L’absence d’alternatives viables à court terme accentue le problème. Dans l’aéronautique, où les PFAS sont essentiels aux revêtements anticorrosion et aux joints d’étanchéité, leur suppression mettrait en péril la compétitivité des entreprises françaises face à des concurrents étrangers moins contraints. De même, le secteur des semi-conducteurs, qui génère plus de 43 milliards d’euros en Europe, dépend de ces substances pour garantir la qualité des circuits imprimés et des microprocesseurs. L’industrie textile, pesant 4,2 milliards d’euros en France, repose sur ces composés pour assurer l’imperméabilité des vêtements techniques et militaires. Une interdiction unilatérale pourrait ainsi entraîner une augmentation des importations en provenance de pays où ces restrictions ne s’appliquent pas.

Une divergence avec la réglementation européenne

Cette interdiction stricte pourrait également créer des tensions avec la réglementation européenne. Une interdiction nationale pourrait être contestée sur la base du principe de libre circulation des biens au sein du marché unique, fragilisant encore davantage les industriels français. Plusieurs pays membres, dont l’Allemagne et l’Italie, privilégient une approche plus progressive, se basant sur les recommandations de l’Agence européenne des produits chimiques (ECHA), qui suggère une interdiction ciblée sur les PFAS les plus dangereux tout en maintenant ceux pour lesquels aucune alternative fiable n’existe encore.

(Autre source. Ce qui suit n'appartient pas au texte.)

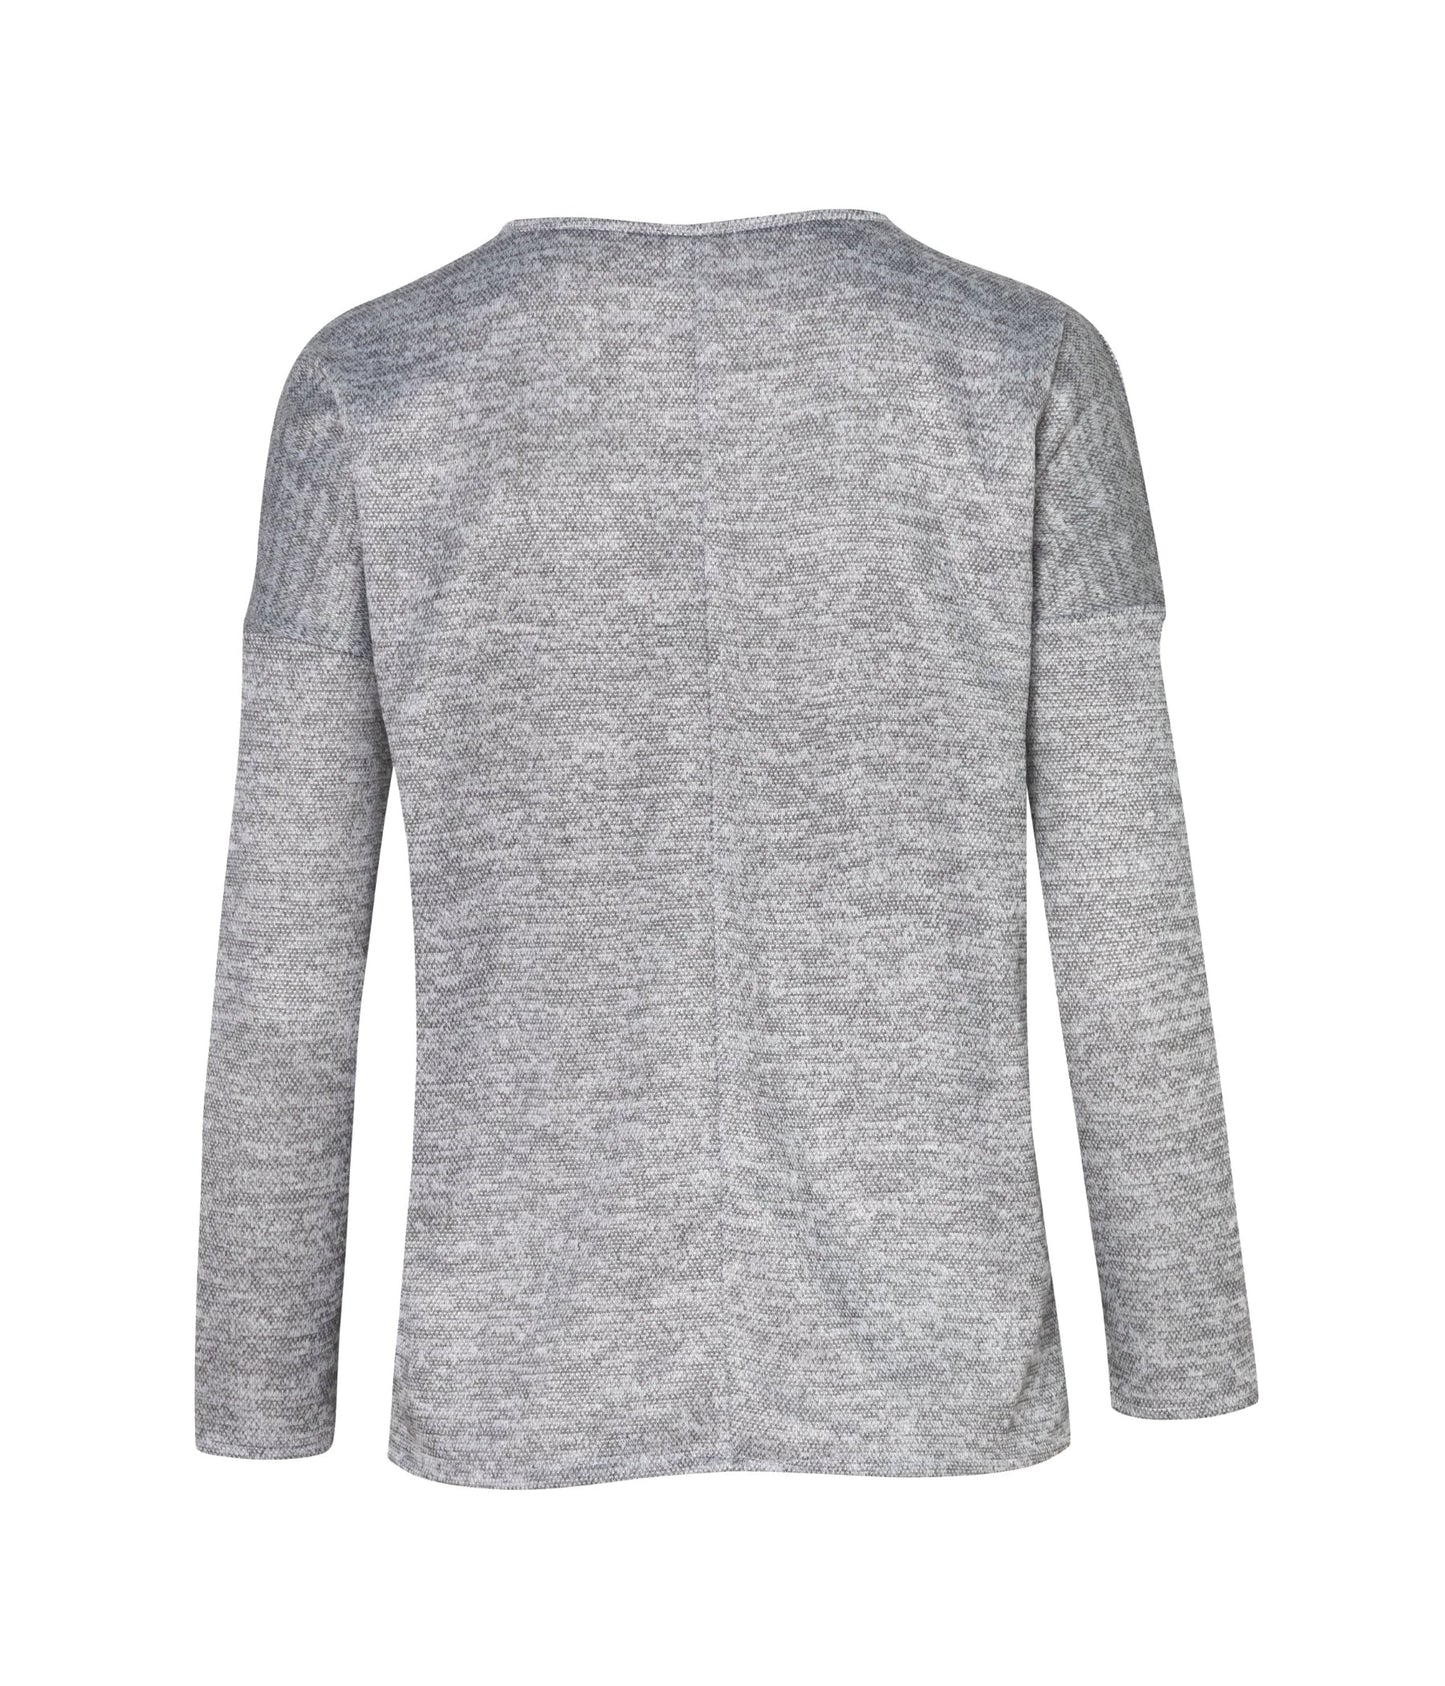 Verdelimon - Sweater - Mucura - Grey -  Back

Plutôt qu’une interdiction radicale, une transition progressive vers des alternatives plus sûres, soutenue par des investissements en recherche et développement, offrirait une solution plus équilibrée. En combinant expertise scientifique et dialogue avec les acteurs industriels, il serait possible d’atteindre un compromis ne mettant pas en danger la souveraineté industrielle française.